Figures 2 and 3 show the ESEEM waveforms and cosine FT spectra for the Cu²⁺-Aβ(1-40) complexes with ¹⁵N-imidazole ring-labeled His13 and His14. Under the exact cancellation condition [ν_N=A/2, where ν_N is the nuclear Larmor frequency and A is the shf coupling constant], substitution of ¹⁴N (I=1; nqi present) with ¹⁵N (I=1/2; no nqi) results in a dramatic change in the ESEEM from the coupled nitrogen.³⁴ The dominant isotropic contribution to the shf coupling of the remote imidazole nitrogen is expected to lead to a doublet line shape in the FT spectrum upon ¹⁵N-substitution, with dipolar shf-broadened features near v_N−A/2≈0 and v_N+A/2≈2v_N, that replace the narrow, large-amplitude ν₀, ν₋ and ν₊ nqi lines, and distinctive ν_dq line, that are characteristic of the ¹⁴N shf coupling. In addition, ESEEM amplitudes are dependent on the degree of nuclear state mixing,³⁷ which is strong for ¹⁴N coupling, because of the combined nuclear quadrupole and shf interactions, with generally non-coincident PAS.³⁴ In contrast, mixing is relatively weaker for ¹⁵N coupling. Thus, the ¹⁵N ESEEM may not be resolved at modest signal-to-noise ratios, in the presence of exact cancellation ESEEM from other coupled, ¹⁴N-nitrogen nuclei.³⁸ This is the case in Figures 2 and 3. The predominant effect of ¹⁵N-substitution is, therefore, to eliminate the strong exact cancellation ESEEM from the ¹⁴N that is replaced.³⁸ Thus, the qualitatively comparable ESEEM for the ¹⁵N-imidazole-labeled and natural abundance fibrillar Cu²⁺-Aβ(1-40) complexes eliminates a single equatorial bis-His coordination mode for Cu²⁺, because all ¹⁴N combination features would be lost upon ¹⁵N-substitution on His13 or His14. This is exemplified by simulations of single- and bis-cis- imidazole coordinated ¹⁴N in Supporting Information, Figures S3 and S4. Therefore, a single bis-His coordination mode by the following combinations is ruled out: His6/His13, His6/His14, or His13/His14.

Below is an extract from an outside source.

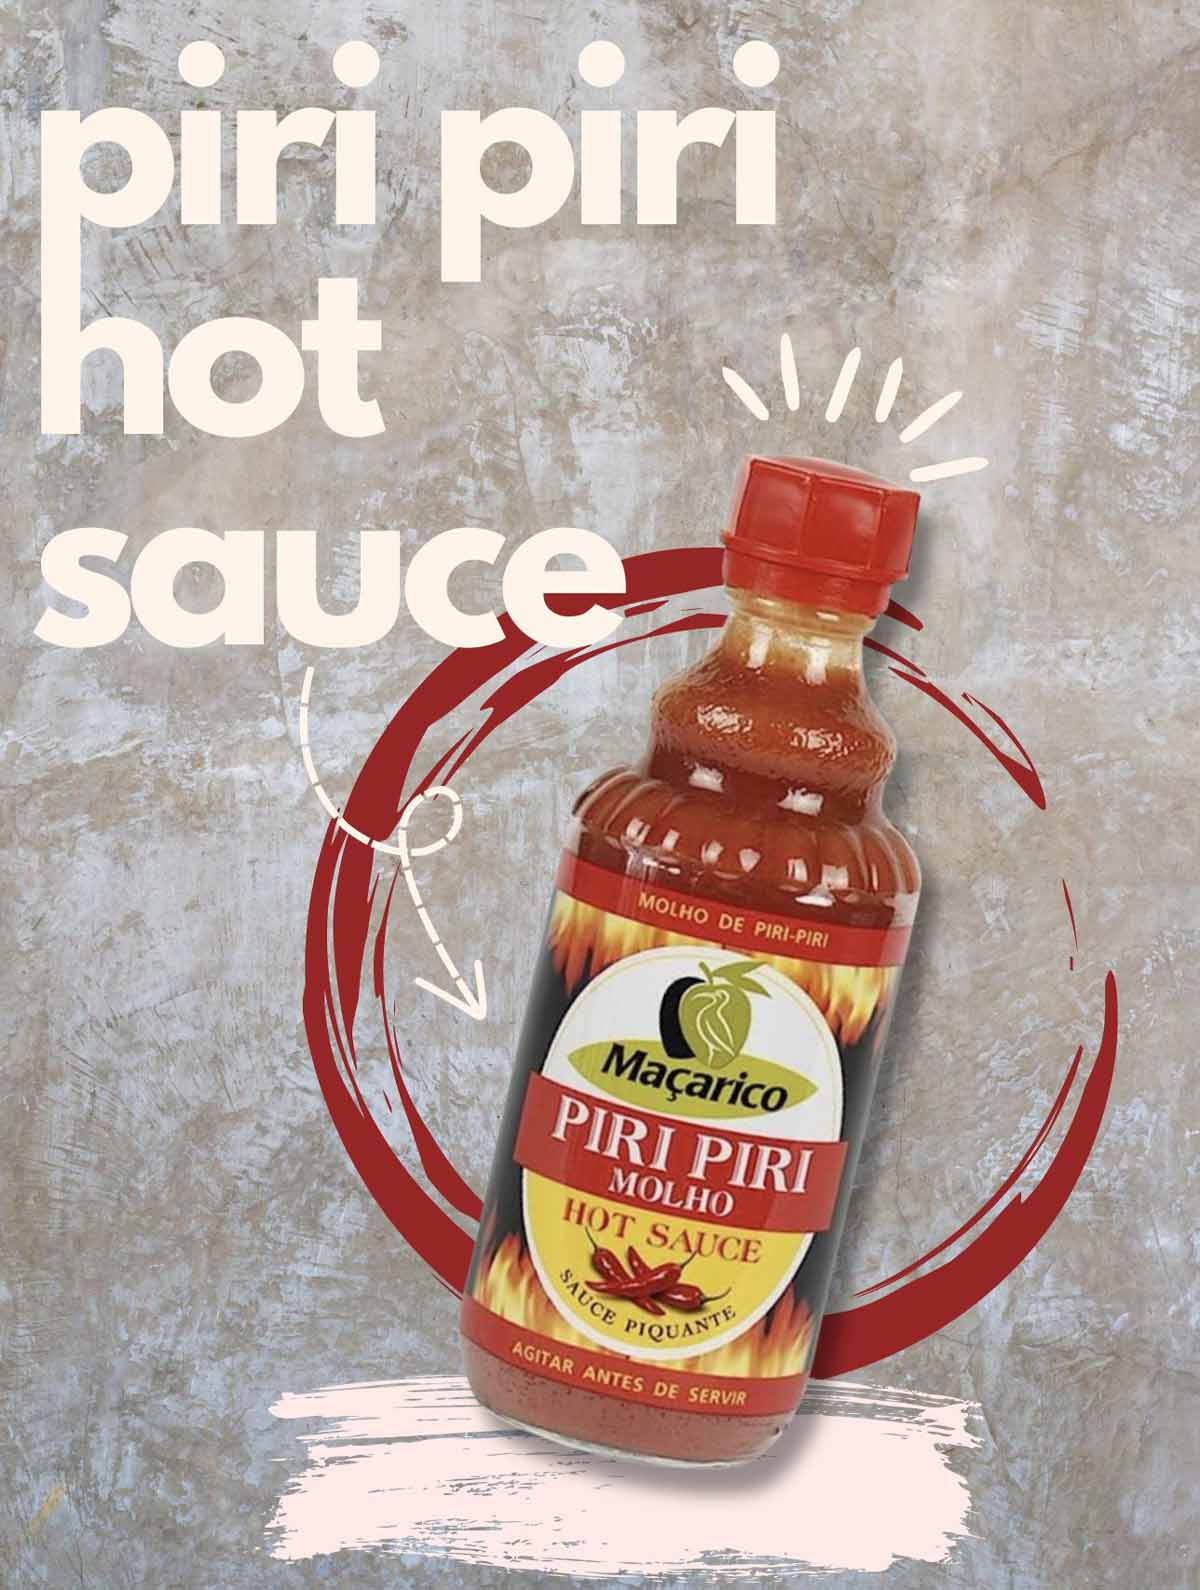 Bottle of Piri Piri Sauce, a spicy Chili Garlic Sauce substitute

The effects of ¹⁵N-substitution are revealed by division of the waveform from the ¹⁵N-labeled samples by the all-¹⁴N-His waveform. As shown in Figure 5, weak modulation in the quotient waveform is present, with peaks and troughs at positions that correspond to the features in the individual ESEEM waveforms, but with opposite phase. This quotient waveform is consistent with the ¹⁵N-substitution, because the waveform in the numerator of the envelope division includes reduced contributions from coupled ¹⁴N, relative to the waveform in the denominator. The shf and nqi simulation parameters, obtained for the natural abundance Cu²⁺-Aβ(1-40) complex in Table 2, were used to perform an ESEEM simulation analysis of the effect of ¹⁵N-substitution on a minimal model of two equimolar pairs of bis-cis-His-Cu²⁺ sites. The simulated quotient waveform in Supporting Information, Figure S5, which is obtained from the division of a 1:1 mixture of [¹⁵N, ¹⁴N] and [¹⁴N, ¹⁴N] sites by the all-¹⁴N model, shows weak, negative-phase modulation, with opposite-phase peaks and troughs at positions that correspond to features in the individual simulated ESEEM waveforms. The quotient simulation thus agrees with the experimental quotient ESEEM in Figure 5.

Figure 5.

Three-pulse ESEEM waveforms of (A) Fibrillar Cu²⁺-Aβ(1-40), (B) ¹³C,¹⁵N-His13-Cu²⁺-Aβ(1-40), (C) ¹³C,¹⁵N-His14-Cu²⁺-Aβ(1-40), (D) envelope division; B divided by A, (E) envelope division; C divided by A. The vertical scale bar corresponds to 25% of the echo amplitude at τ + T = 8 μs. Aquisition Parameters: microwave frequency, 8.750 GHz, B₀ = 303 mT, T = 6 K, τ = 310 ns.

The results and quotient ESEEM analysis are consistent with the approximately equimolar mixture of Cu²⁺-coordinating bis-His pairs, [His6/His13, His6/His14], in the fibril. This is consistent with the approximately equimolar His6/His13 and His6/H14 contributions in the Component Ia, Ib model proposed for soluble Cu²⁺-Aβ(1-16),²² and other soluble Cu²⁺-Aβ complexes.^24,26

Model for Cu²⁺ coordination in fibrillar Aβ(1-40)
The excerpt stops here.